> [Available data]:
--

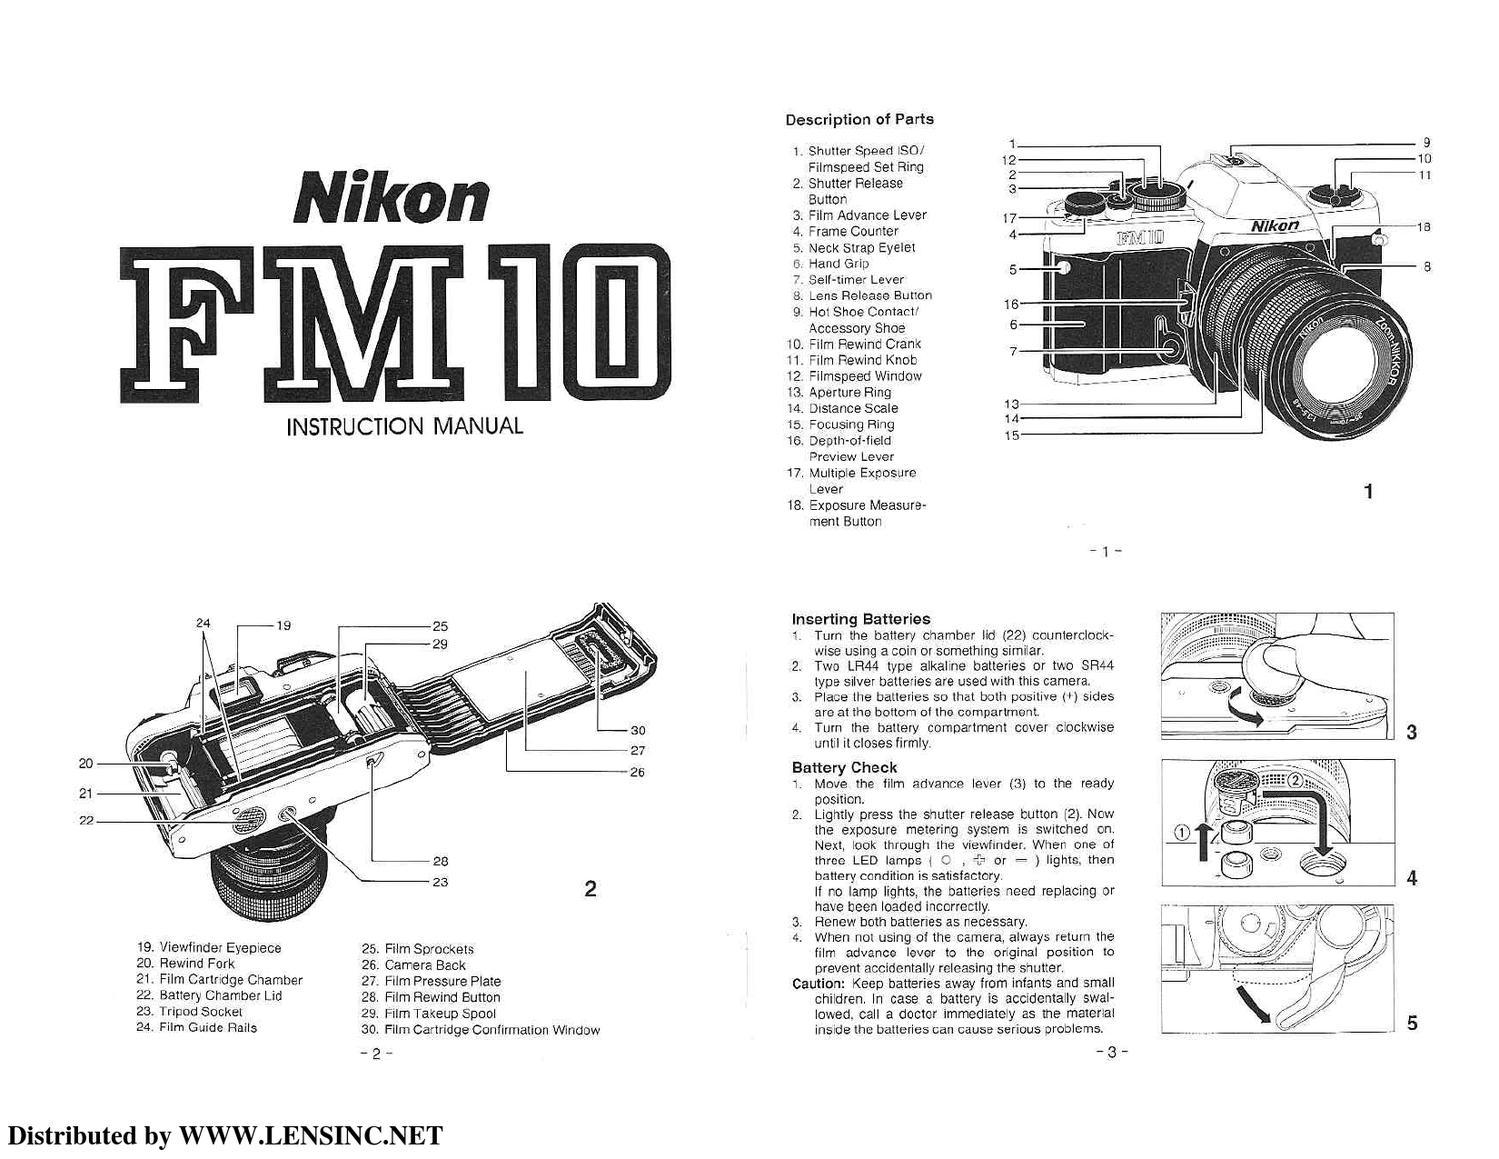 nikon fm10 instruction manual professional user manual ebooks u2022 rh gogradresumes com nikon fm10 user manual pdf nikon fm10 user manual
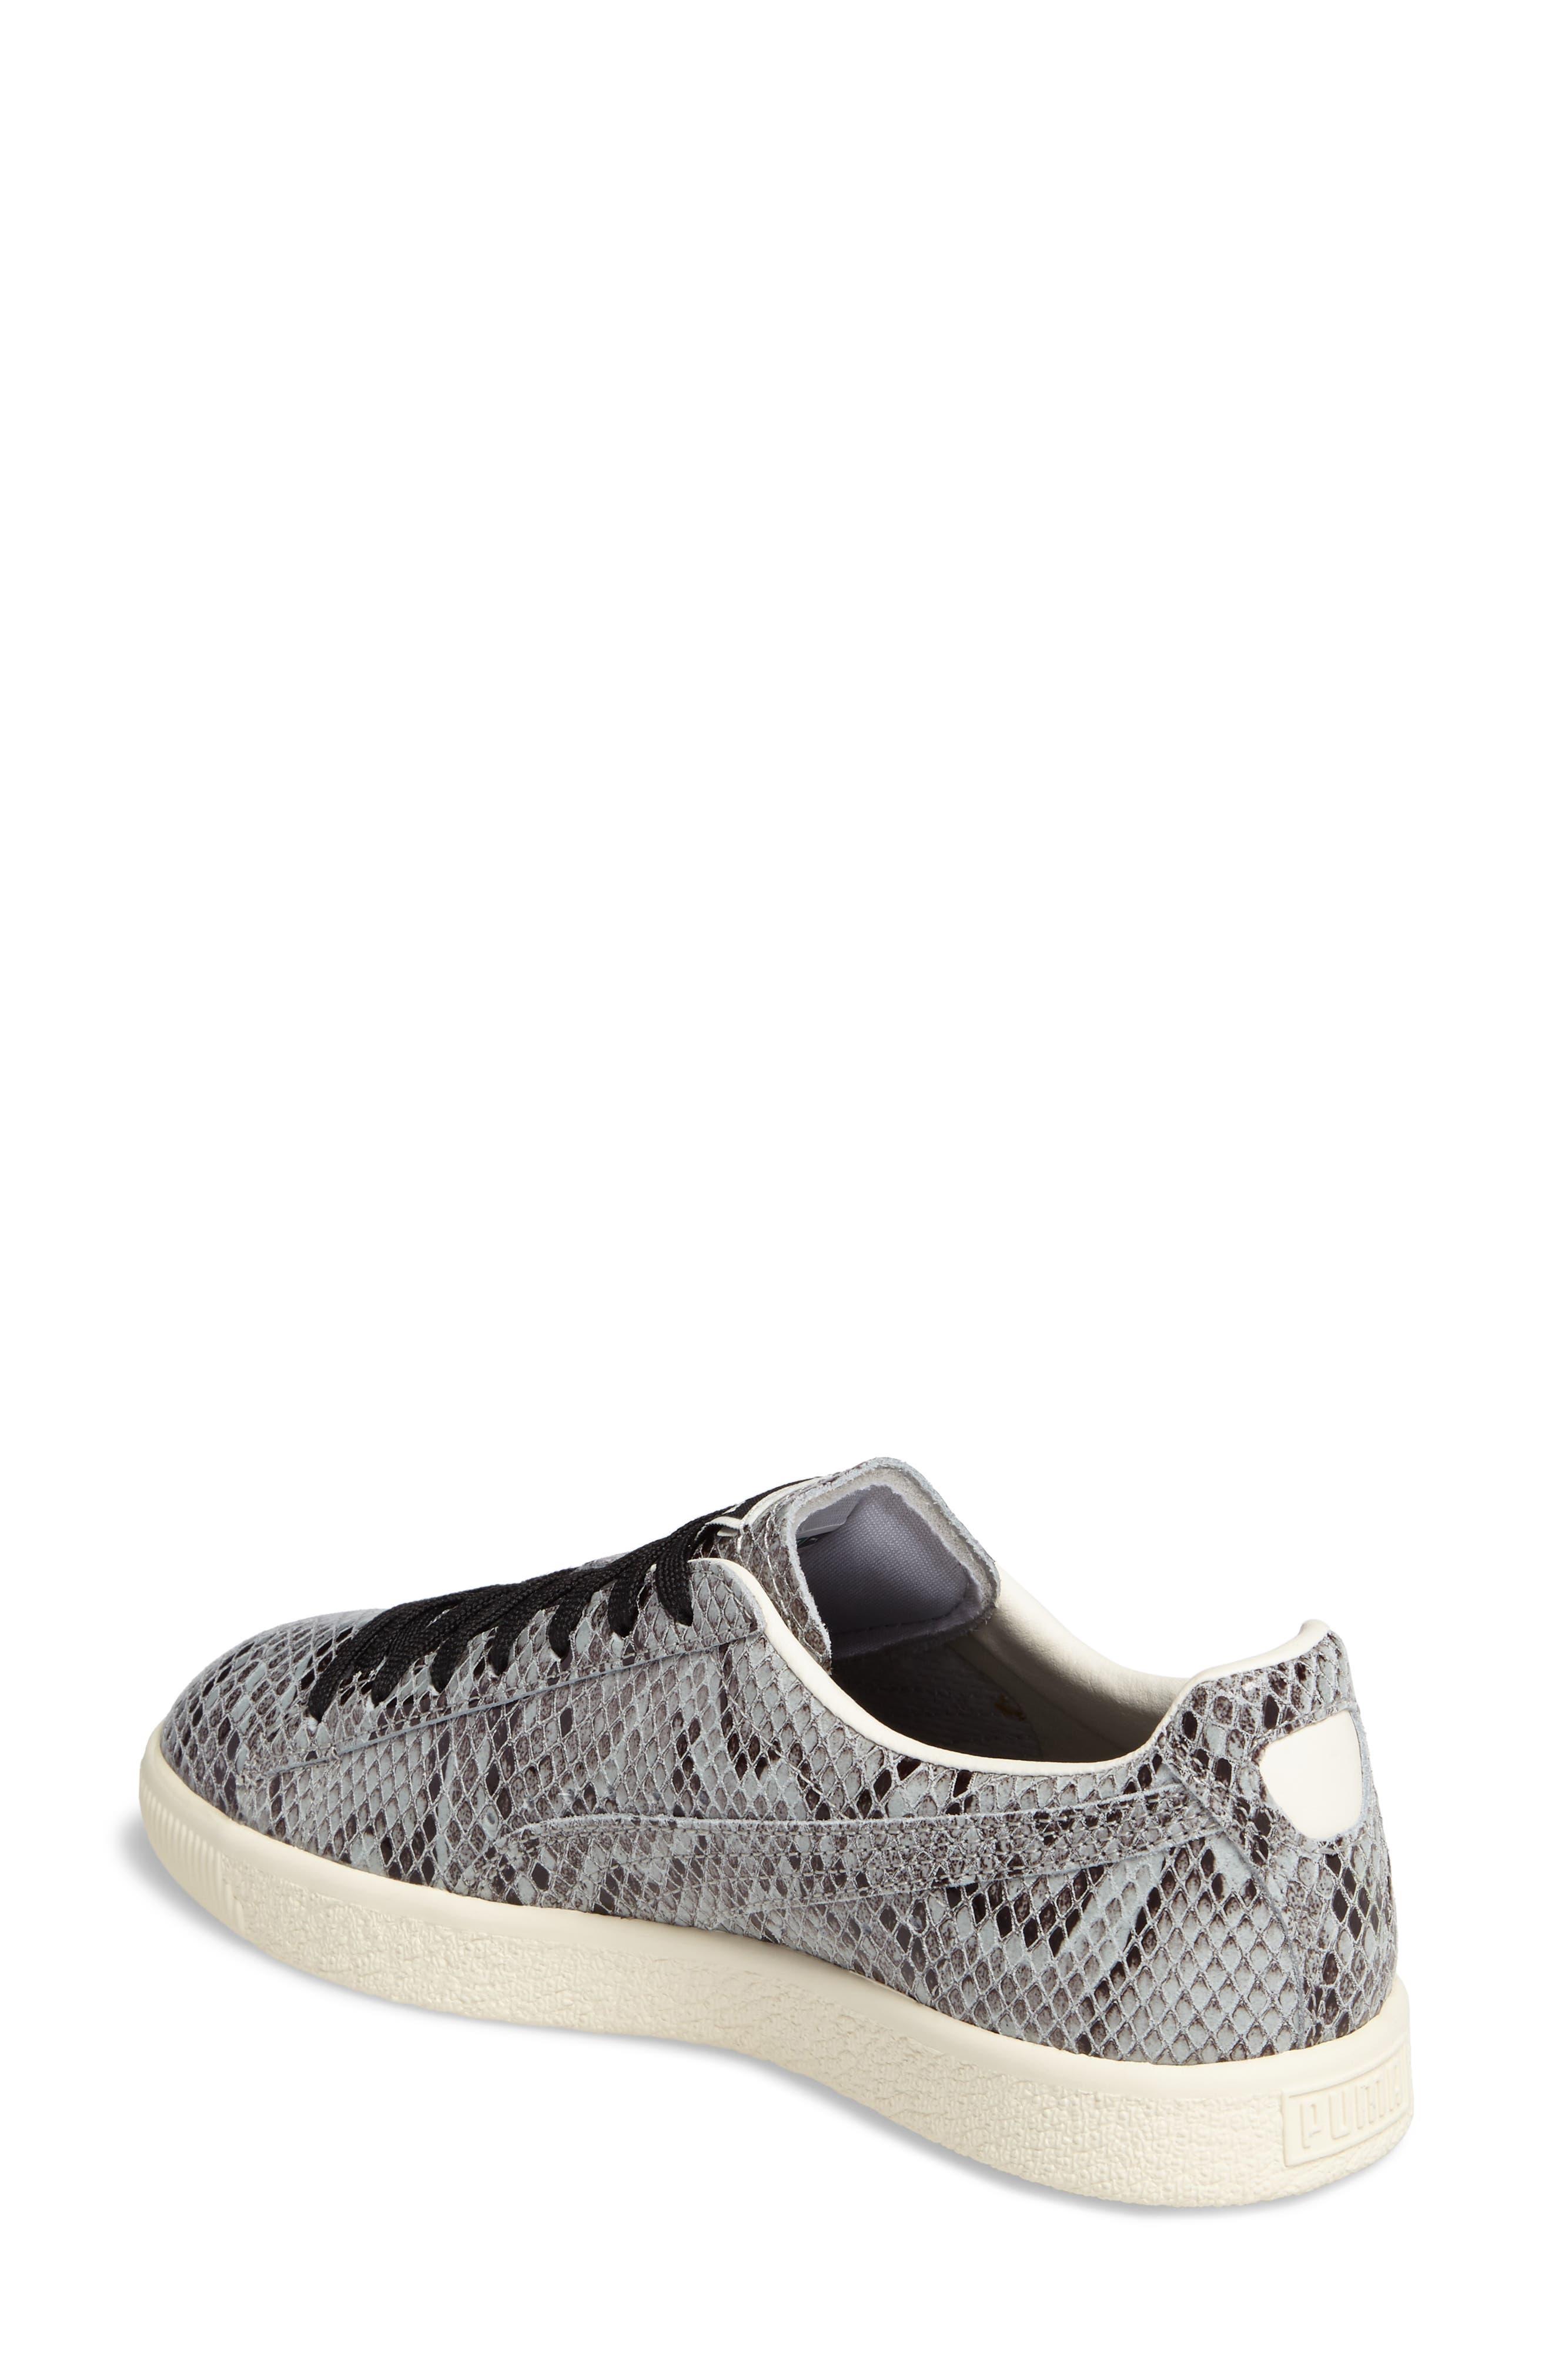 Clyde Sneaker,                             Alternate thumbnail 2, color,                             Puma Silver
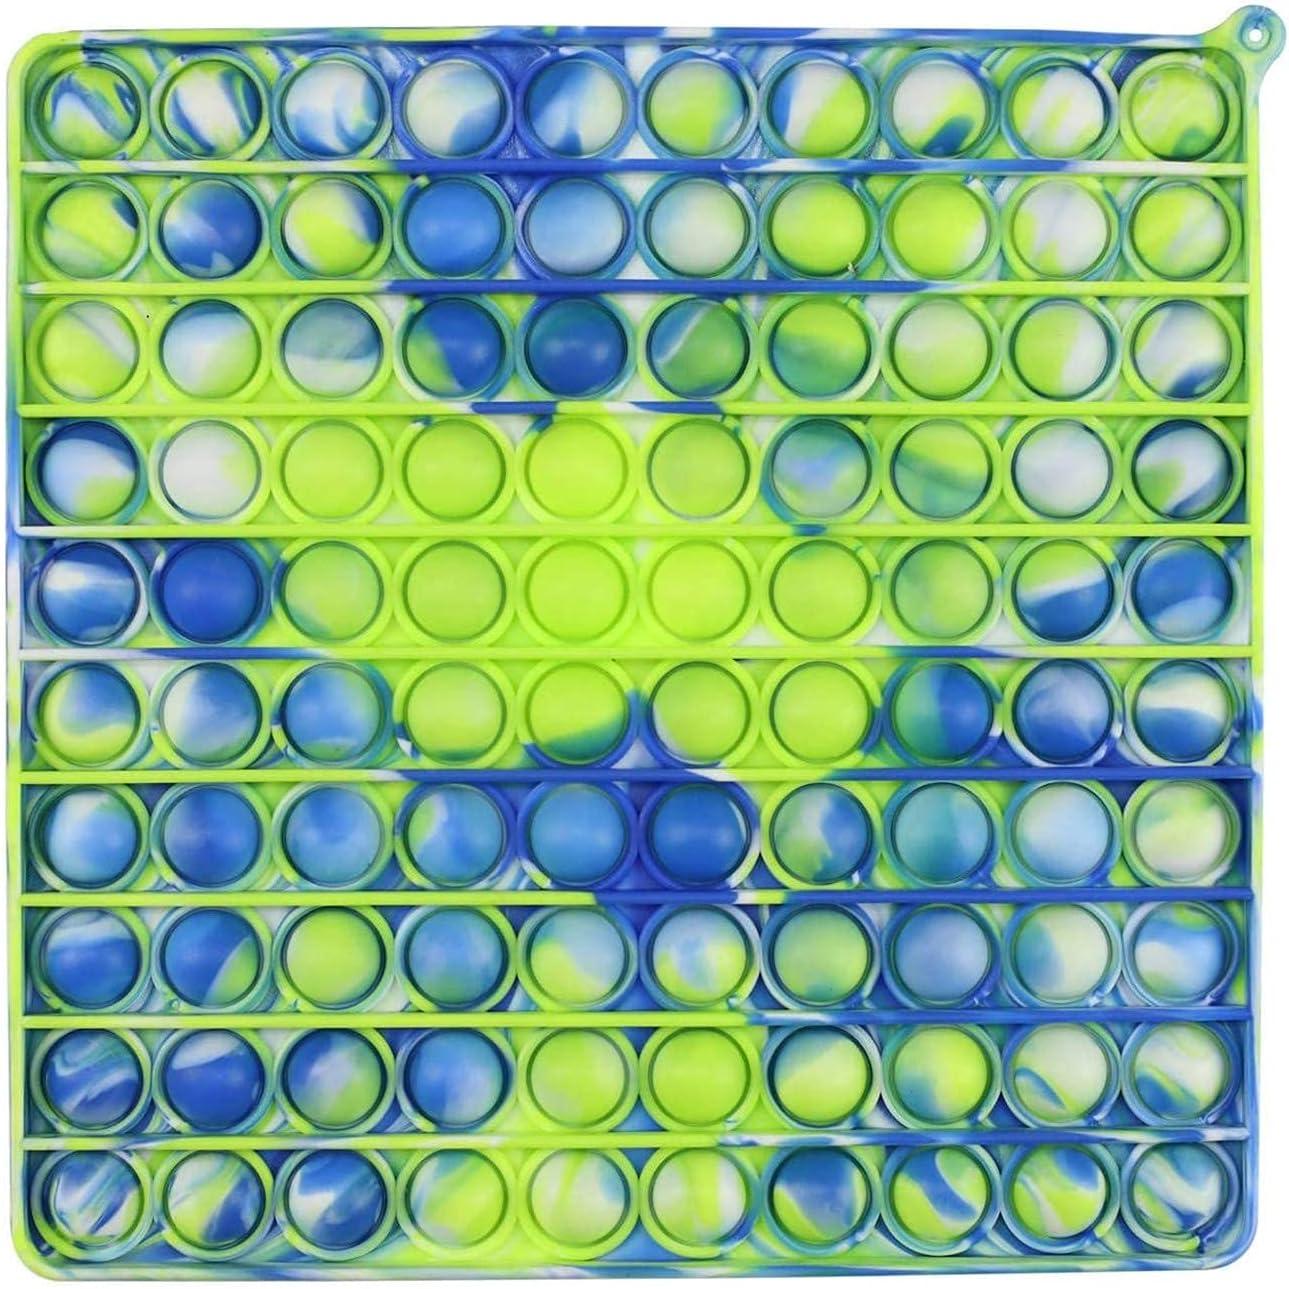 Ynzix Max 84% OFF Big Size Pop Bubble Sensory 100 Bubbles Toys Fidget 2021 new Silico

--

> [Your task]:
Leave out the pictures and set down all of the data exactly.

> [Exercise output]:
 nikon fm10 instruction manual professional user manual ebooks u2022 rh gogradresumes com nikon fm10 user manual pdf nikon fm10 user manual
 Clyde Sneaker,                             Alternate thumbnail 2, color,                             Puma Silver
 Ynzix Max 84% OFF Big Size Pop Bubble Sensory 100 Bubbles Toys Fidget 2021 new Silico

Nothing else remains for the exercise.